My intuition would be the same as how you have described your process so far.
I have to solve a multiobjective problem but I don't know if I should use CPLEX or Matlab. Can you explain the advantage and disadvantage of both tools.
Thank you very much!
This is really a question about choosing the most suitable modeling approach in the presence of multiple objectives, rather than deciding between CPLEX or MATLAB.
Multi-criteria Decision making is a whole sub-field in itself. Take a look at: http://en.wikipedia.org/wiki/Multi-objective_optimization.
Once you have decided on the approach and formulated your problem (either by collapsing your multiple objectives into a weighted one, or as series of linear programs) either tool will do the job for you.
Since you are familiar with MATLAB, you can start by using it to solve a series of linear programs (a goal programming approach). This page by Mathworks has a few examples with step-by-step details: http://www.mathworks.com/discovery/multiobjective-optimization.html to get you started.
Probably this question is not a matter of your current concern. However my answer is rather universal, so let me post it here.
If solving a multiobjective problem means deriving a specific Pareto optimal solution, then you need to solve a single-objective problem obtained by scalarizing (aggregating) the objectives. The type of scalarization and values of its parameters (if any) depend on decision maker's preferences, e.g. how he/she/you want(s) to prioritize different objectives when they conflict with each other. Weighted sum, achievement scalarization (a.k.a. weighted Chebyshev), and lexicographic optimization are the most widespread types. They have different advantages and disadvantages, so there is no universal recommendation here.
CPLEX is preferred in the case, where (A) your scalarized problem belongs to the class solved by CPLEX (obviously), e.g. it is a [mixed integer] linear/quadratic problem, and (B) the problem is complex enough for computational time to be essential. CPLEX is specialized in the narrow class of problems, and should be much faster than Matlab in complex cases.

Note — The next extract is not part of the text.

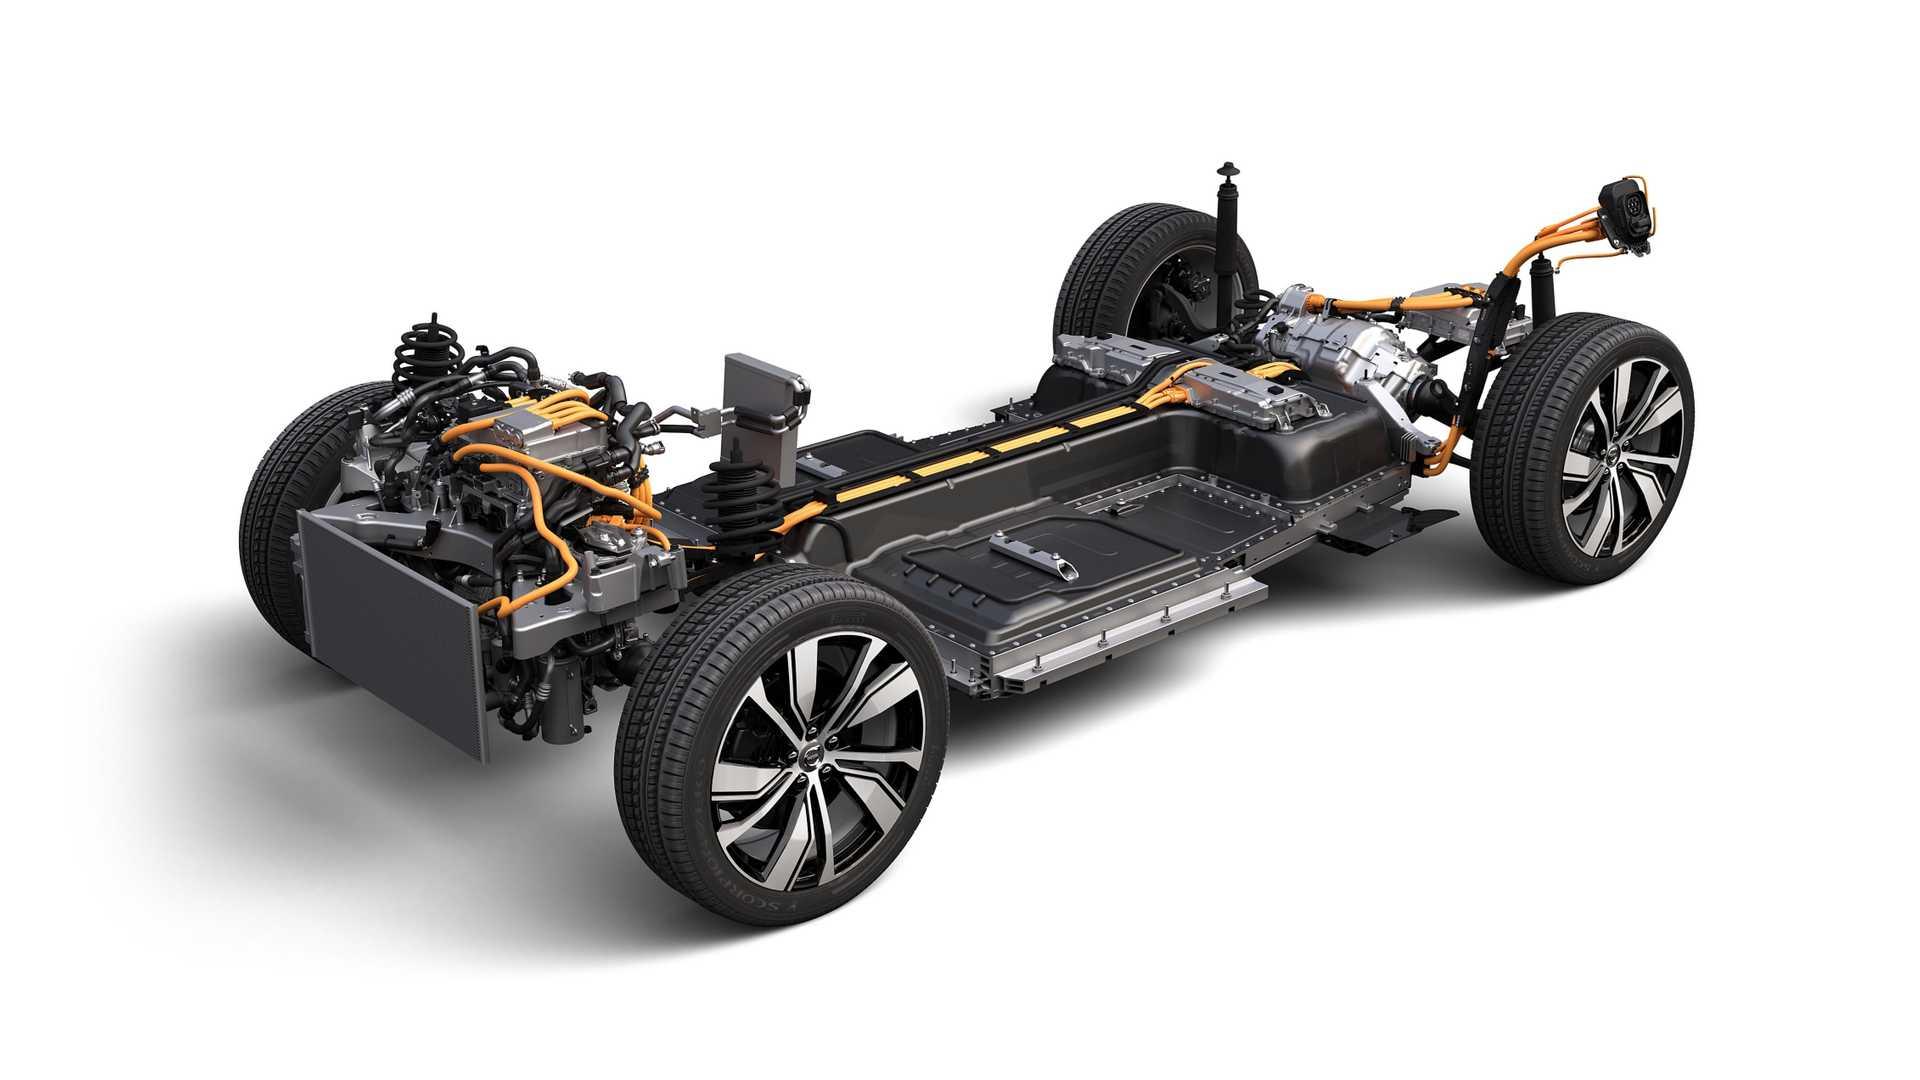 Генеральный директор Volvo считает, что после окончания блокировки будет куплено меньше бензиновых автомобилей

You do not have to limit the choice of multiobjective methods to the ones offered by Matlab/CPLEX or other solvers (which are usually narrow). It is easy to formulate a scalarized problem by yourself, and then run appropriate single-objective optimization (source: it is one of my main research fields, see e.g. implementation for the class of knapsack problems). The issue boils down to finding a suitable single-objective solver.
If you want to obtain some general information about the whole Pareto optimal set, I recommend to start with deriving the nadir and the ideal objective vectors.
If you want to derive a representation of the Pareto optimal set, besides the mentioned population based-heuristics such as GAs, there are exact methods developed for specific classes of problems. Examples: a library implemented in Julia, a recently published method.
All concepts mentioned here are described in the comprehensive book by Miettinen (1999).
Can cplex solve a pareto type multiobjective one? All i know is that it can solve a simple goal programming by defining the lexicographical objs, or it uses the weighted sum to change weights gradually with sensitivity information and "enumerate" the pareto front, which highly depends on the weights and looks very subjective.
You can refer here as how cplex solves the bi-objetive one, which seems not good.
For a true pareto way which includes the ranking, i only know some GA variants can do like NSGA-II.
A different approach would be to use a domain-specific modeling language for mathematical optimization like YALMIP (or JUMP.jl if you like to give Julia a try). There you can write your optimization problem with Matlab with some extra YALMIP functionalities and use CPLEX (or any other supported solver as a backend) without restricting to one solver.